### DATA PROVIDED
====================

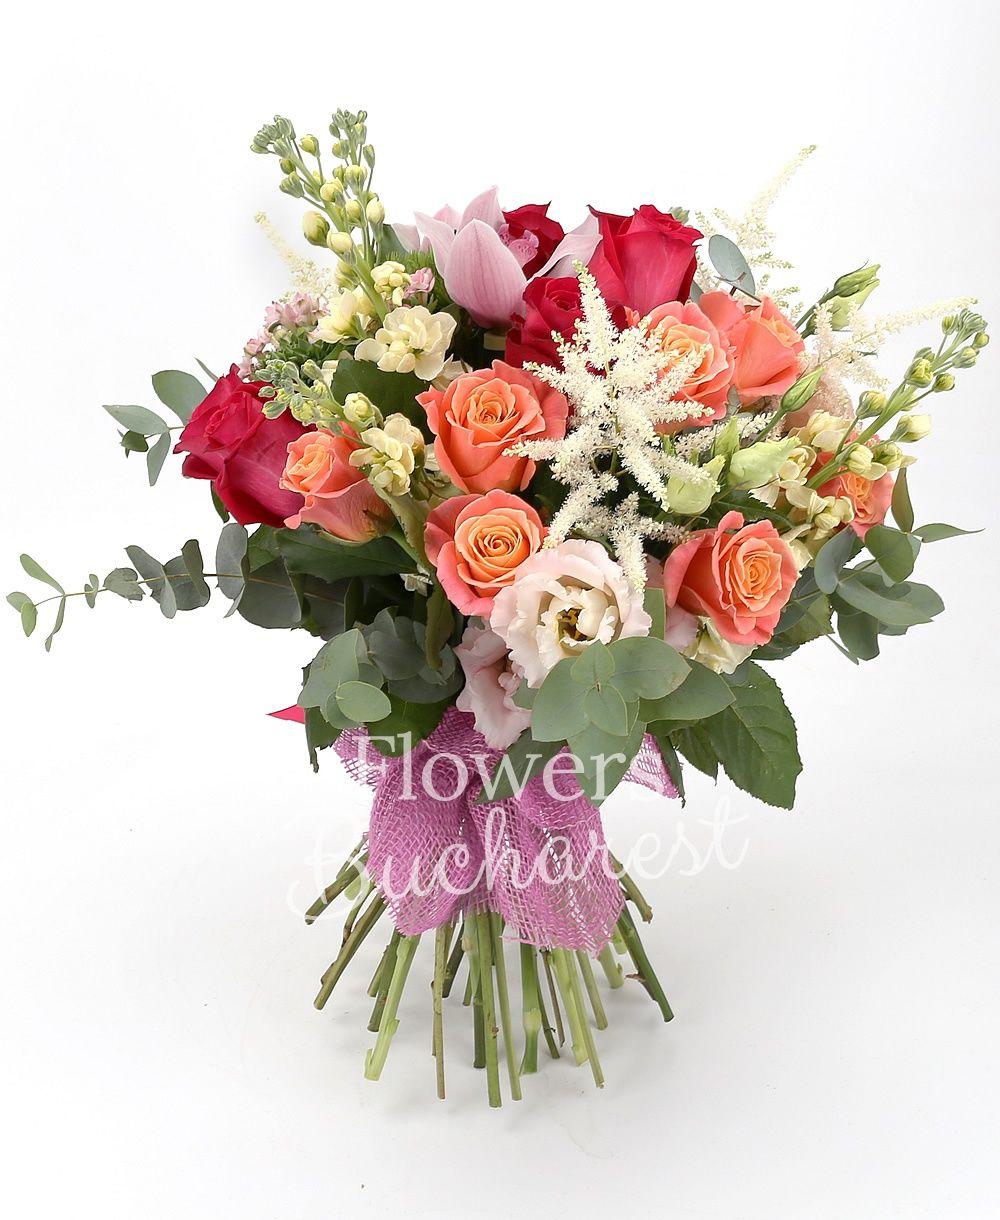 9 miss piggy roses, 5 cyclam roses, 5 pink bouvardia, 5 cream matthiola, 3 pink lisianthus, 5 white astilbe, 5 green carnations, pink cymbidium, greenery
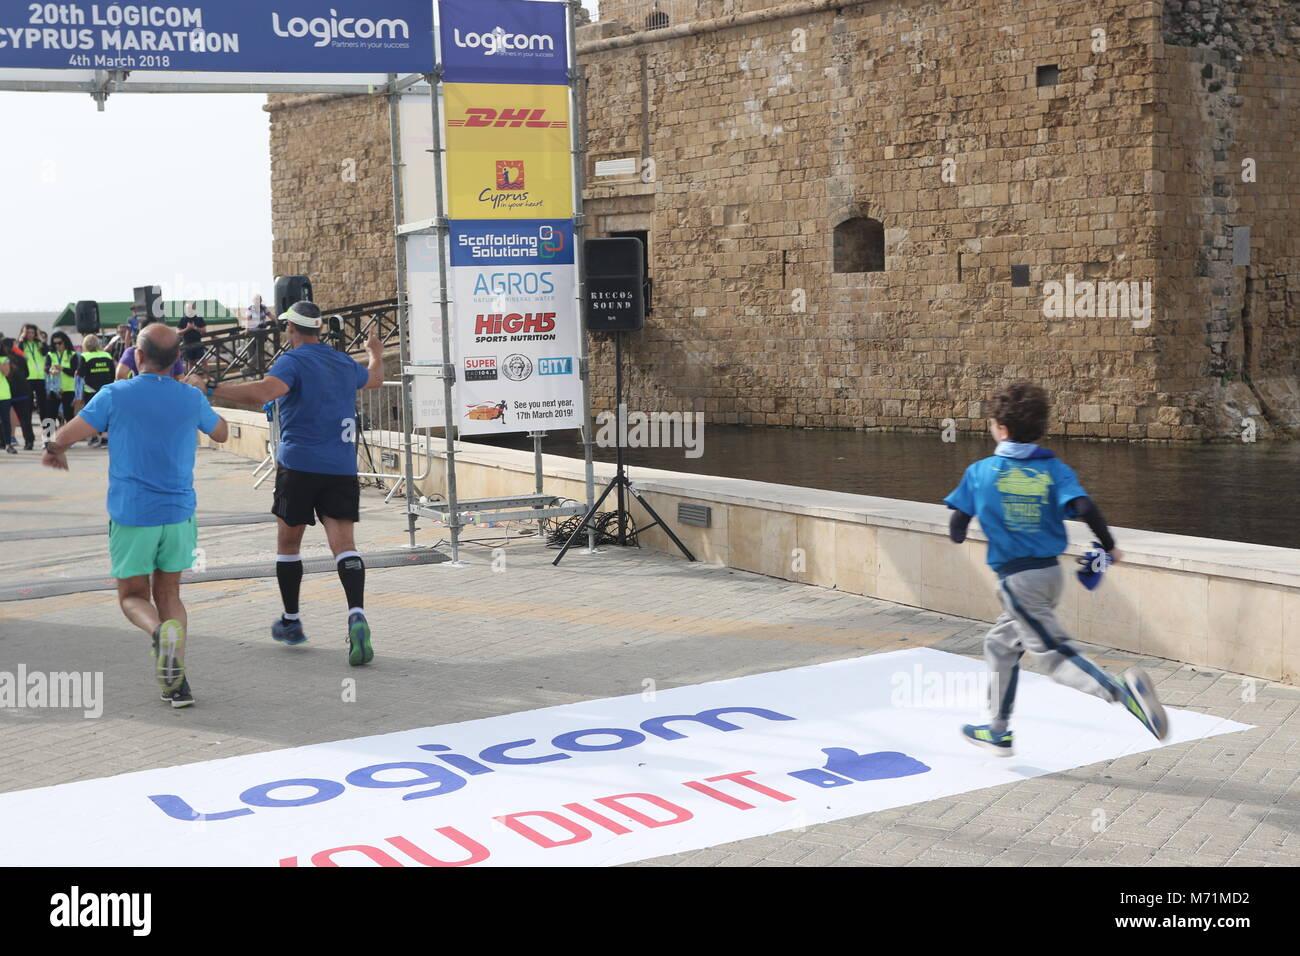 20th Logicom Cyprus marathon, half marathon, 10KM, 5KM fun run for international competitors in Paphos, Cyprus, - Stock Image
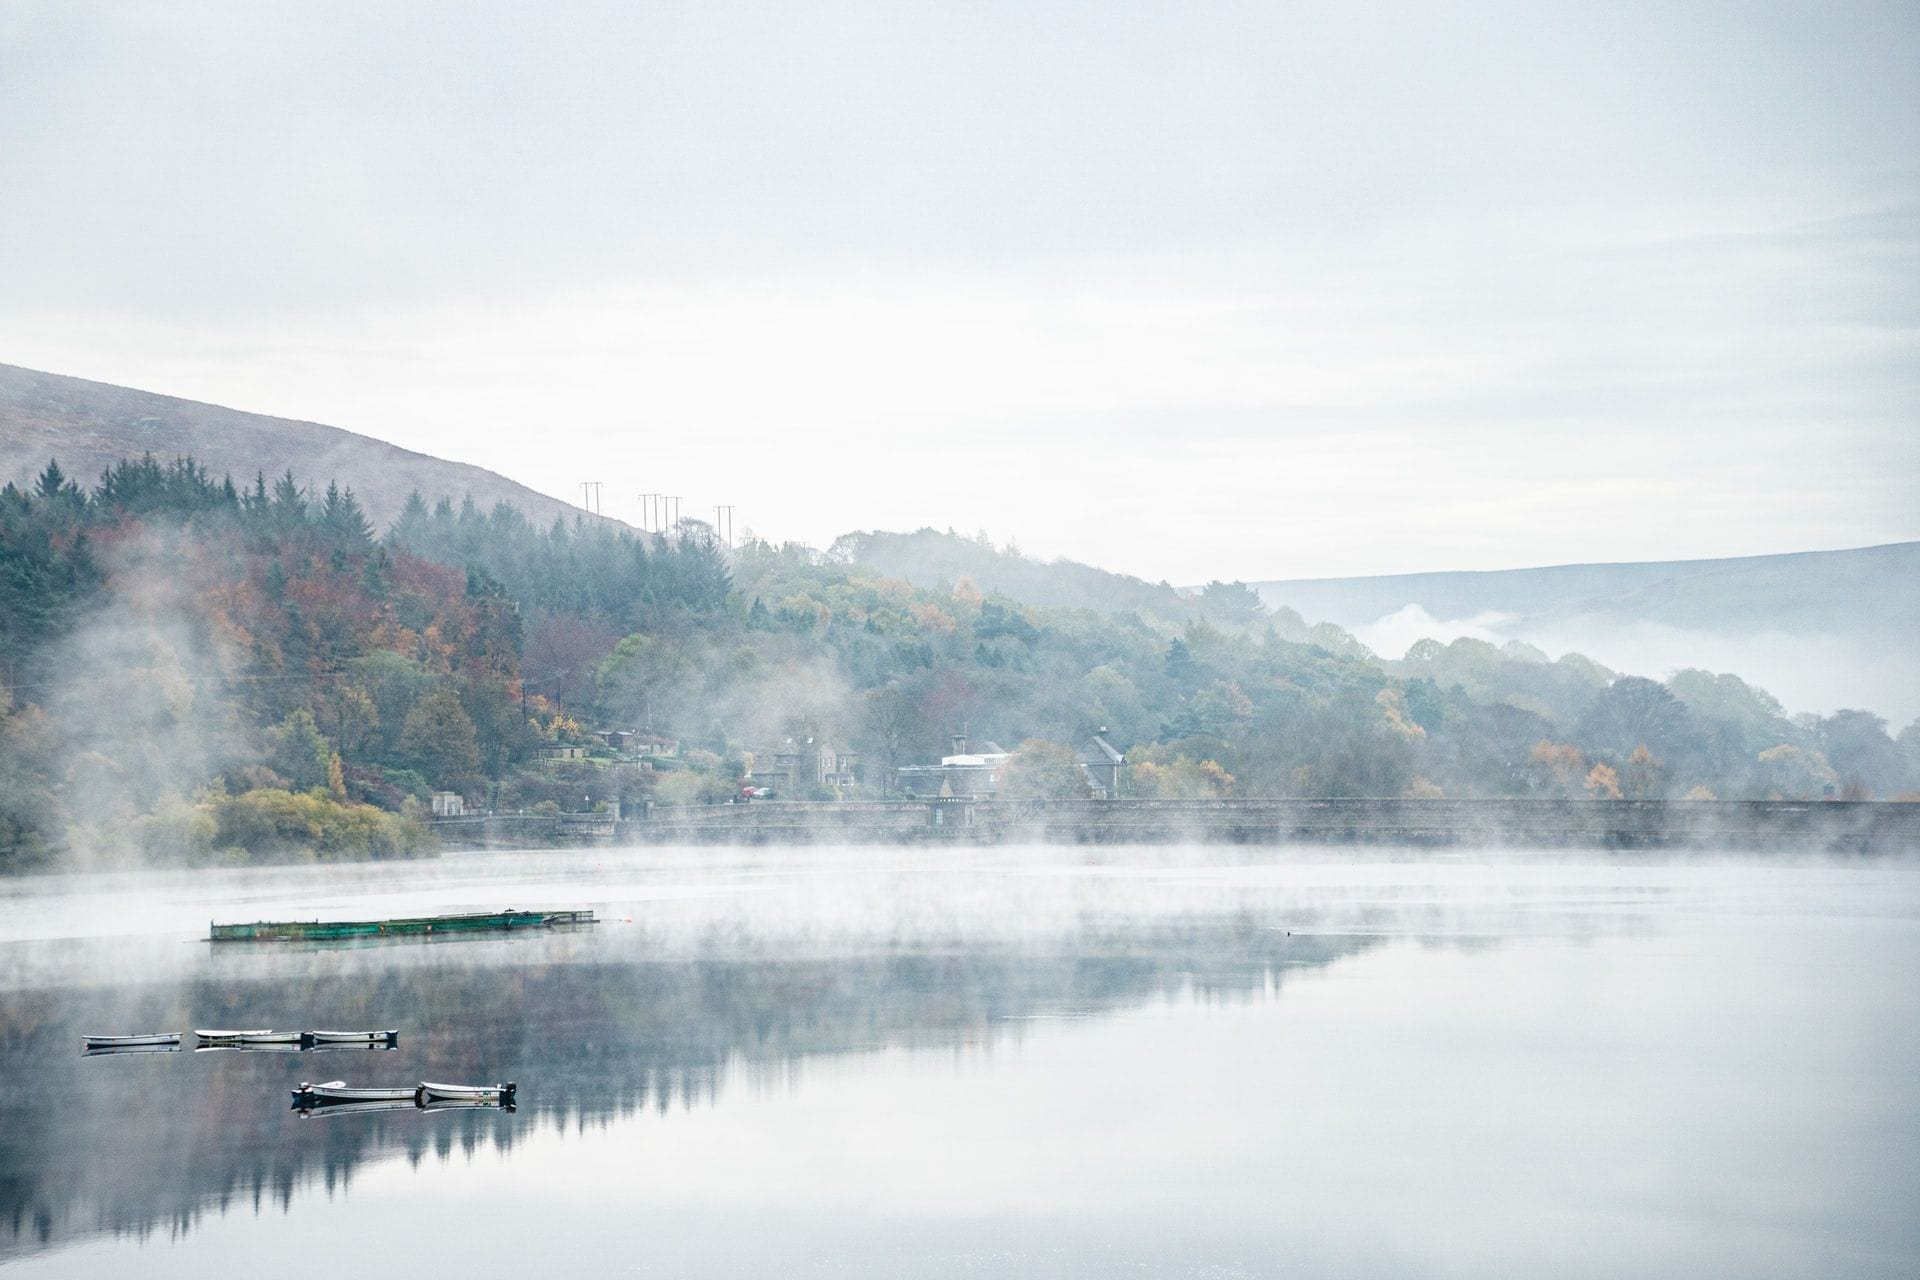 misty-foggy-lake-in-peak-district-england-in-winter

====================

### EXERCISE INSTRUCTIONS
Could each line of the data be written out exactly, with no pictures included?

### RESULT OF THE TASK
 9 miss piggy roses, 5 cyclam roses, 5 pink bouvardia, 5 cream matthiola, 3 pink lisianthus, 5 white astilbe, 5 green carnations, pink cymbidium, greenery
 20th Logicom Cyprus marathon, half marathon, 10KM, 5KM fun run for international competitors in Paphos, Cyprus, - Stock Image
 misty-foggy-lake-in-peak-district-england-in-winter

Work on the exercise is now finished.